By the pre-registered rubric, the primary is FAILED. A reader who uses a decision rule of “any specification has to clear significance” would call this REPLICATED, because two of four do. Nullberg’s rubric is specifically the primary spec, so the headline is FAILED — but the page reports every sensitivity in full so the reader can apply their own standard.

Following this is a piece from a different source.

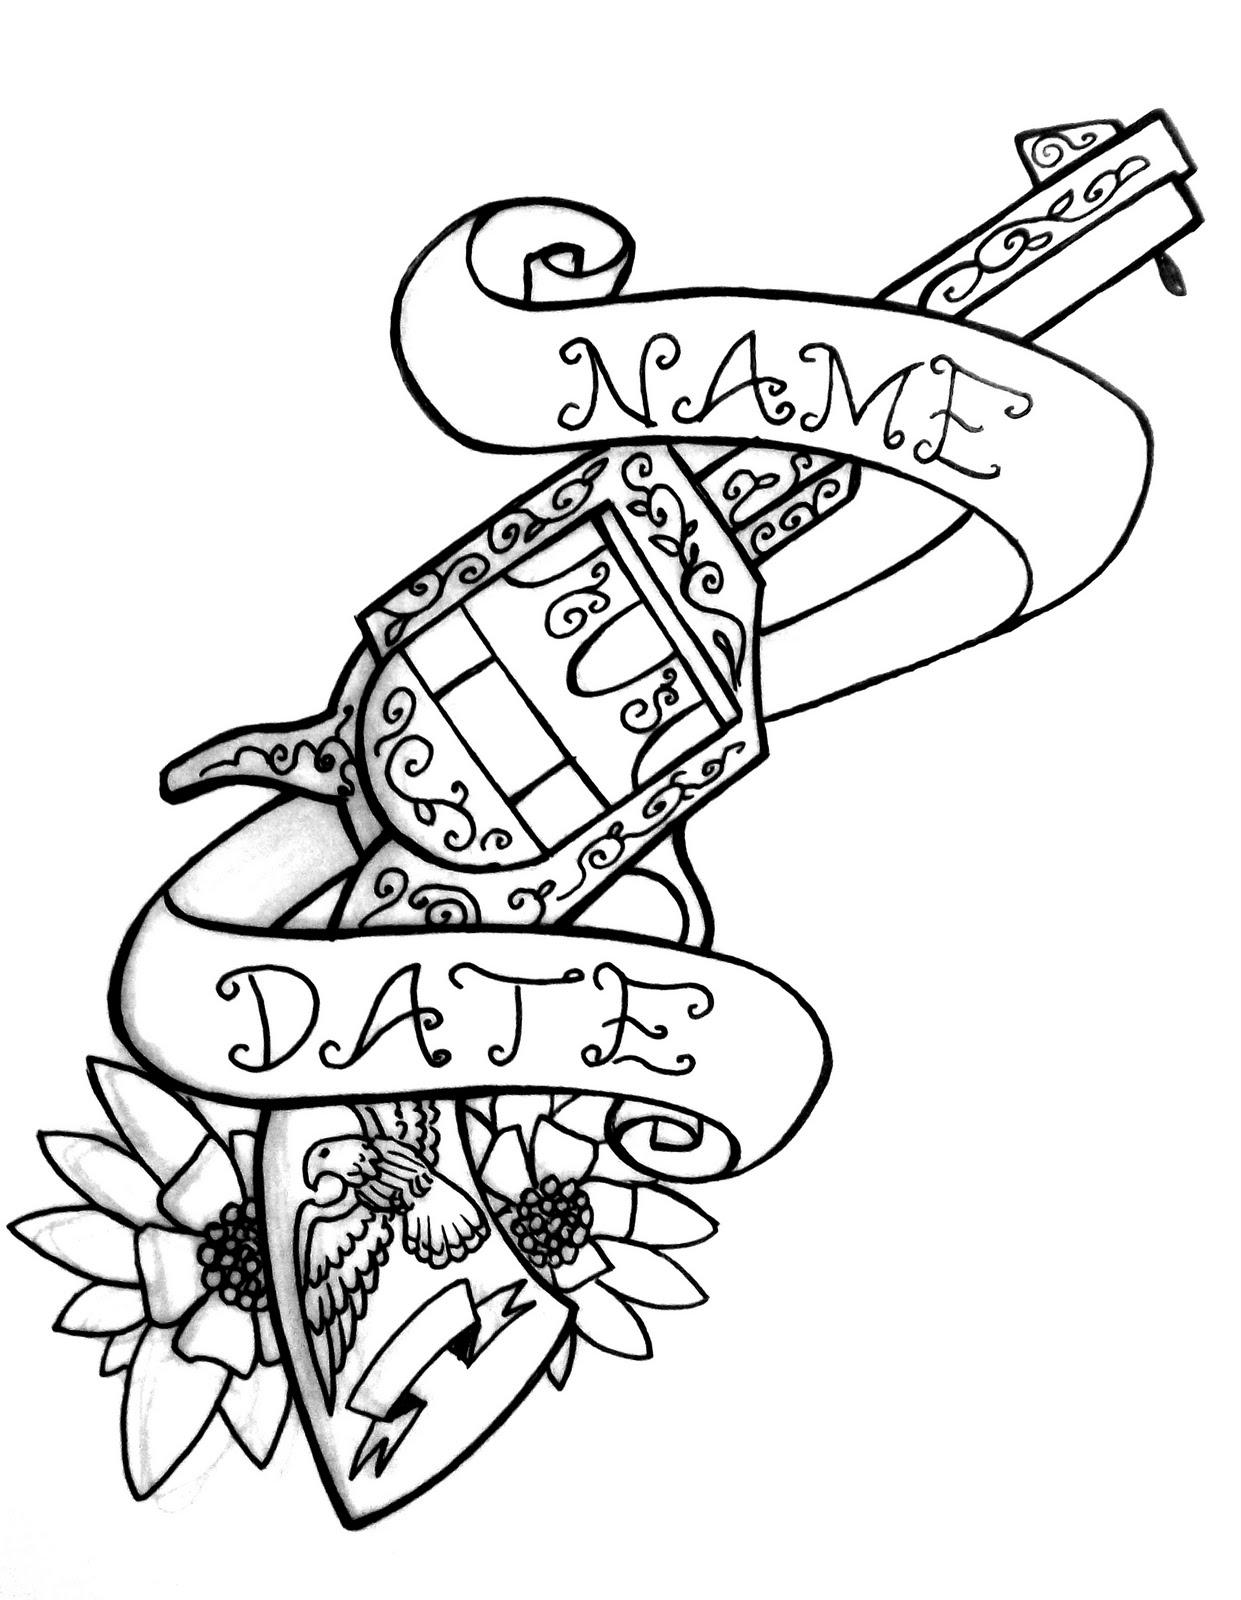 1241x1600 30 Random Tattoo Designs In 30 Days 09 10 2010

Comparative picture across five verdicts

Paper	Factor class	Primary mean	i.i.d. t	NW t	Verdict	Shape
MAX, Bali et al. 2011	Lottery	-1.80%	-2.57	-2.18	Failed	Sign inverted
Momentum, JT 1993	Trend	-0.13%	-0.16	-0.26	Failed	Decayed to null
Profitability, Novy-Marx 2013	Quality	+0.50%	+0.93	+1.05	Failed	Underpowered, below canonical
Value, FF 1992	Value	+1.70%	+2.82	+1.94	Replicated	Regime-driven, 2022 rebound
Accruals, Sloan 1996	Earnings quality	+0.88%	+1.85	+1.74	Failed	Primary at canonical; EW sensitivities replicate

Five verdicts, five distinct shapes. The rubric has now produced four FAILED and one REPLICATED, and within the four FAILEDs there are four economically different failure modes.

Reproducibility

Script: scripts/verdicts/sloan_1996_accruals.py
Results JSON: scripts/verdicts/sloan_1996_accruals.results.json
Monthly LS CSVs: ..._primary.csv, ..._sensA.csv, ..._sensB.csv, ..._sensC.csv

What we will track from here

This verdict enters the archive as failed and is reviewed when at least one of the following happens:

A forward extension of the sample pushes the primary i.i.d. t above 2 at the current point estimate. At +0.88% per month and the current std, approximately 40 additional monthly observations would do it.
A small-cap-tilted or size-neutral specification shows whether the migration-to-smaller-stocks hypothesis is real. A 2×3 size × accruals sort is a natural next test.
The original Sloan balance-sheet accruals definition, computed by hand from balance-sheet changes, produces a materially different result.

Bibliography

Sloan, Richard G. “Do Stock Prices Fully Reflect Information in Accruals and Cash Flows about Future Earnings?” The Accounting Review 71(3), 1996, pp. 289-315. Paper
Hribar, Paul, and Daniel W. Collins. “Errors in Estimating Accruals: Implications for Empirical Research.” Journal of Accounting Research 40(1), 2002, pp. 105-134. Paper — the cash-flow-statement definition used for this verdict.
Newey, Whitney K., and Kenneth D. West. “A Simple, Positive Semi-Definite, Heteroskedasticity and Autocorrelation Consistent Covariance Matrix.” Econometrica 55(3), 1987, pp. 703-708. HAC estimator used for the Newey-West t-statistics.